The nuclide 180mTa (m denotes a metastable state) has sufficient energy to decay in three ways: isomeric transition to the ground state of 180Ta, beta decay to 180W, and electron capture to 180Hf. However, no radioactivity from any decay mode of this nuclear isomer has ever been observed. As of 2023, the half-life of 180mTa is calculated from experimental observation to be at least 2.9×1017 (290 quadrillion) years.[5][6][7] The very slow decay of 180mTa is attributed to its high spin (9 units) and the low spin of lower-lying states. Gamma or beta decay would require many units of angular momentum to be removed in a single step, so that the process would be very slow.[8]

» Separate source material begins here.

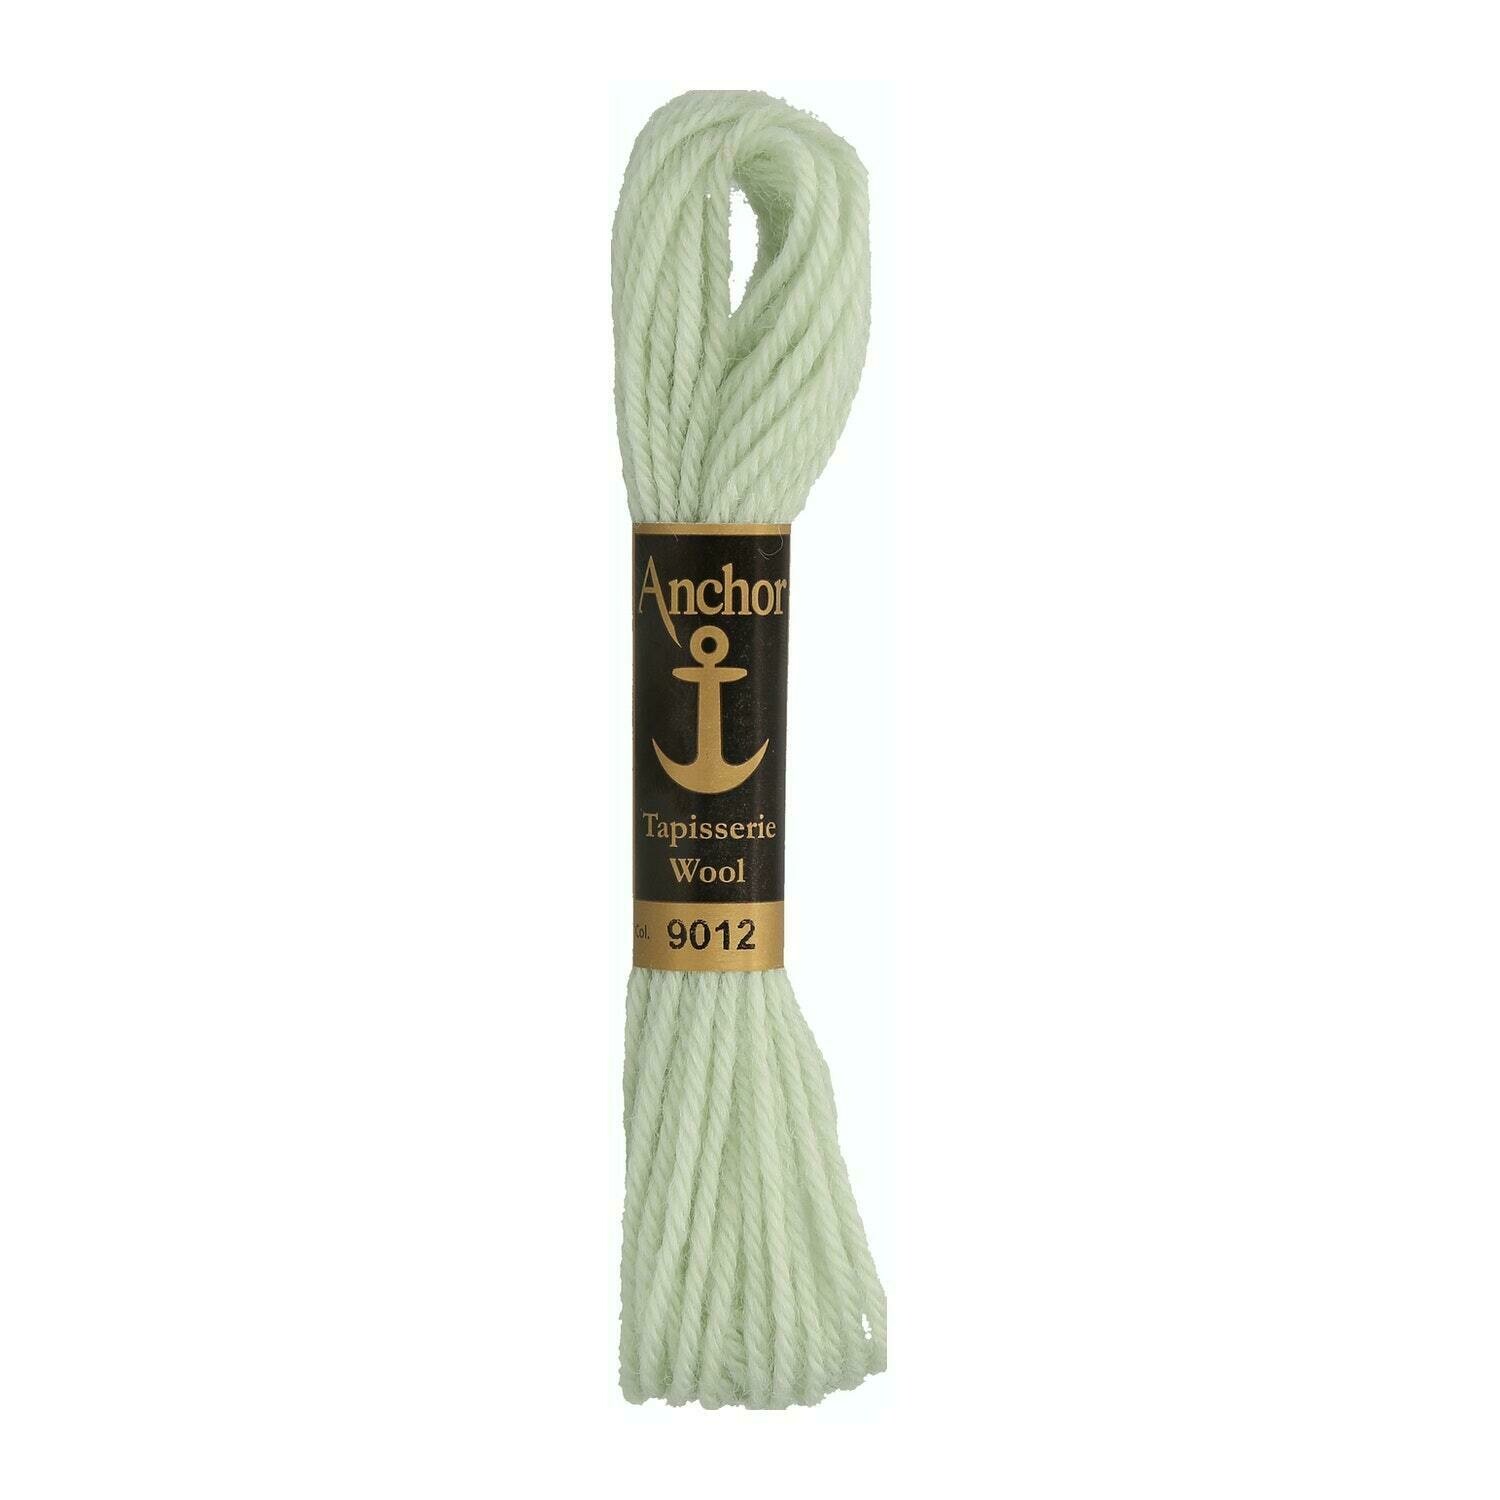 Anchor Tapisserie Wool #09012

The very unusual nature of 180mTa is that the ground state of this isotope is less stable than the isomer. This phenomenon is exhibited in bismuth-210m (210mBi) and americium-242m (242mAm), among other nuclides. 180Ta has a half-life of only 8 hours. 180mTa is the only naturally occurring nuclear isomer (excluding radiogenic and cosmogenic short-living nuclides). It is also the rarest primordial nuclide in the Universe observed for any element that has any stable isotopes. In an s-process stellar environment with a thermal energy kBT = 26 keV (i.e. a temperature of 300 million kelvin), the nuclear isomers are expected to be fully thermalized, meaning that 180Ta rapidly transitions between spin states and its overall half-life is predicted to be 11 hours.[9]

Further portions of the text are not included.